Native Americans living in the American Southeast were enslaved through warfare and purchased by European colonists in North America throughout the 17th, 18th, and 19th centuries, as well as held in captivity through Spanish-organized forced labor systems in Florida. Emerging British colonies in Virginia, Carolina (later, North and South Carolina), and Georgia imported Native Americans and incorporated them into chattel slavery systems, where they intermixed with slaves of African descent, who would eventually come to outnumber them. The settlers' demand for slaves affected communities as far west as present-day Illinois and the Mississippi River and as far south as the Gulf Coast.
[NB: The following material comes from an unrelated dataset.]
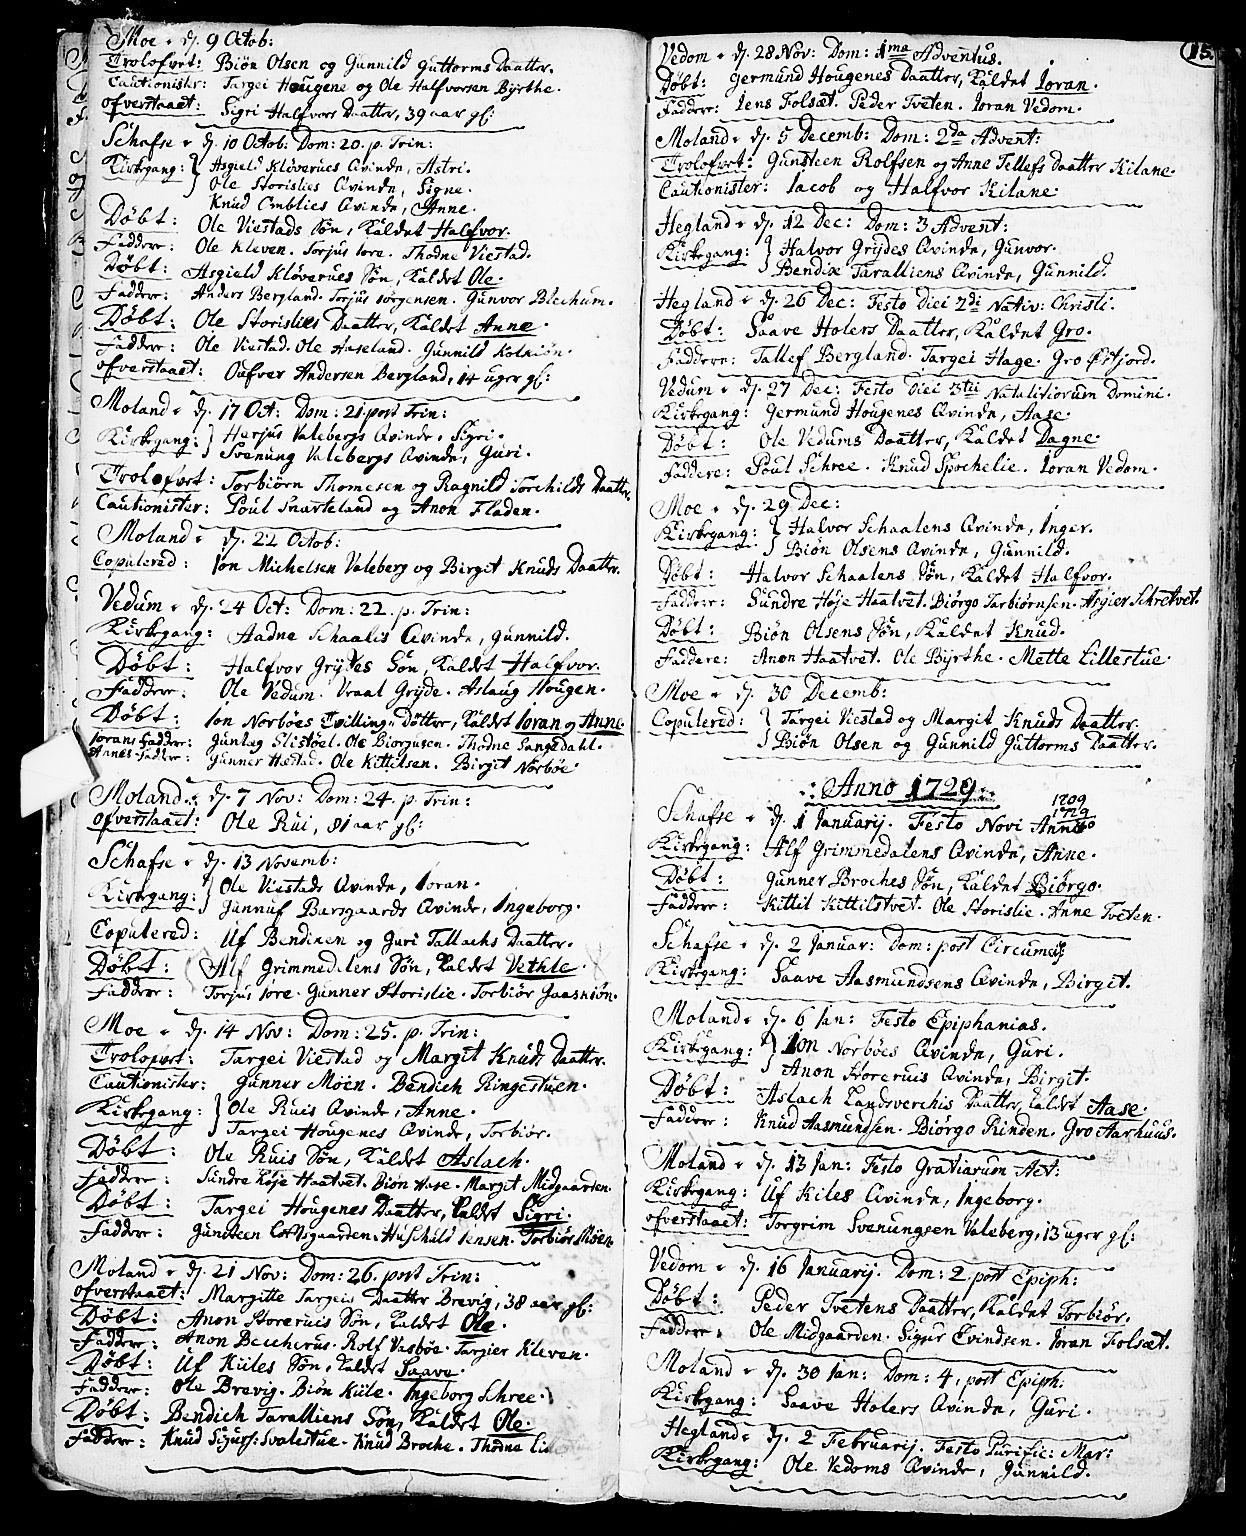 SAKO, Fyresdal kirkebøker, F/Fa/L0001: Ministerialbok nr. I 1, 1724-1748, s. 15

European settlers exported tens of thousands of enslaved Native Americans outside the region to New England and the Caribbean.

Natives were sometimes used as labor on plantations or as servants to wealthy colonist families, other times they were used as interpreters for European traders. The policies on the treatment and slavery of Native Americans varied from colony to colony in the Southeast. The Native American slave trade in the southeast relied on Native Americans trapping and selling other Natives into slavery; this trade between the colonists and the Native Americans had a profound effect on the shaping and nature of slavery in the Southeast. While Natives enslaved other Natives prior to the contact with the European settlers, such Native slaves were held as personal servants or to perform other tasks, not as chattel slaves. Slaves were of little or no economic significance for Native societies. Following British settlement, a number of Native societies, armed with European firearms, oriented themselves around waging war to capture other Native people, selling them into chattel slavery. The Southeastern plantations that European settlers established greatly relied on the exploitation of enslaved human beings, with slaves comprising a key component of their workforce. The slave trade and warfare that facilitated it diminished the numbers of Native peoples in the region and drove many other Native societies to flee their homelands, breaking apart existing communities and eventually leading to a new map of peoples and ethnic groups in the region.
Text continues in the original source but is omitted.